Background:  It is well known that oral corticosteroid and anti-tumor necrosis factor-α agents increase the risk of TB. However, little is known about whether inhaled corticosteroid (ICS) increases the risk of TB. We performed this study to assess the risk of pulmonary TB among ICS users, based on the presence of the radiologic sequelae of pulmonary TB.

Methods:  A retrospective cohort study was performed. Between January 1, 2000, and December 31, 2005, a total of 778 patients who had COPD were recruited. Among them, 162 patients were excluded according to the exclusion criteria.

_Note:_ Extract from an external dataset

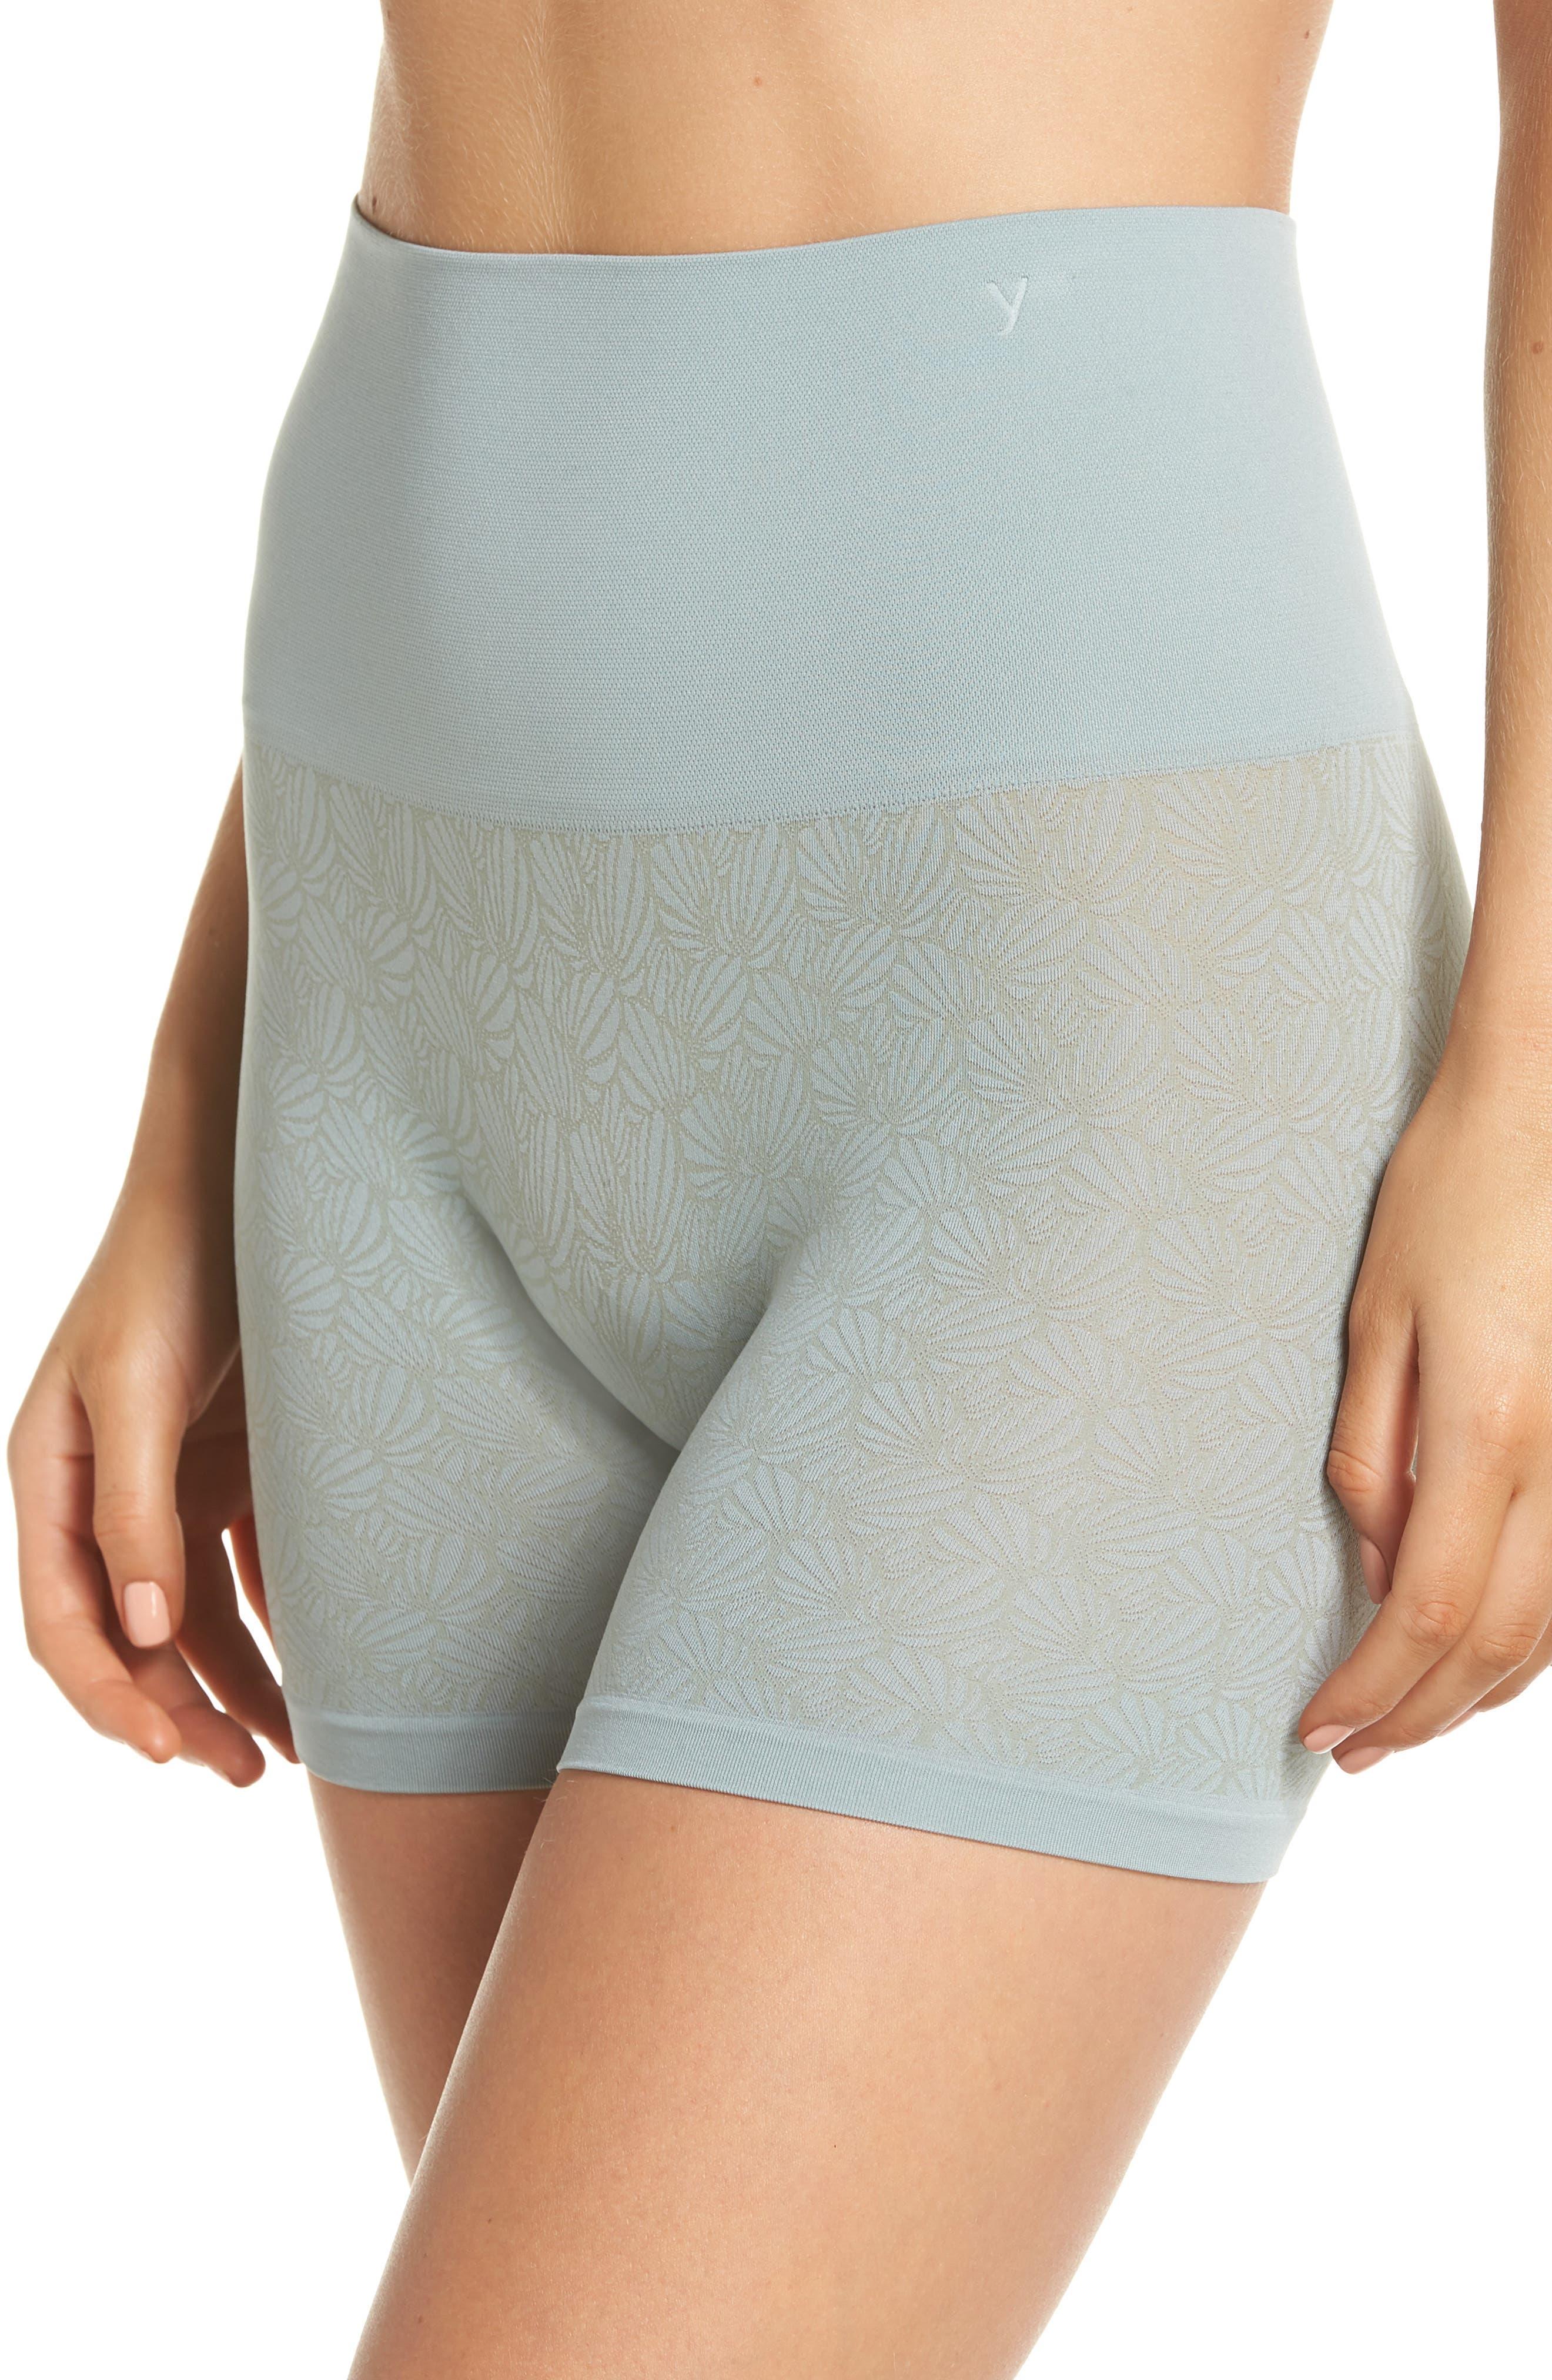 Ultralight Seamless Shaping Shorts,                             Alternate thumbnail 4, color,                             SILVER BLUE

In total, 616 patients were followed until December 31, 2010. They were divided into four groups according to whether they used ICS and whether they had radiologic sequelae of prior pulmonary TB.

Results:  A total of 20 patients developed pulmonary TB. Kaplan-Meier estimates showed an increased risk of pulmonary TB among the ICS users who had radiologic sequelae of prior pulmonary TB (P < .001). Multivariate Cox regression showed that ICS use was an independent risk factor for the occurrence of pulmonary TB in patients who had a normal chest radiograph (hazard ratio, 9.079; 95% CI, 1.012-81.431; P = .049) and in patients who had radiologic sequelae of prior pulmonary TB (hazard ratio, 24.946; 95% CI, 3.090-201.365; P = .003).

Conclusion:  ICS use increases the risk of pulmonary TB in patients with COPD and the risk is greater in patients who have radiologic sequelae of prior pulmonary TB.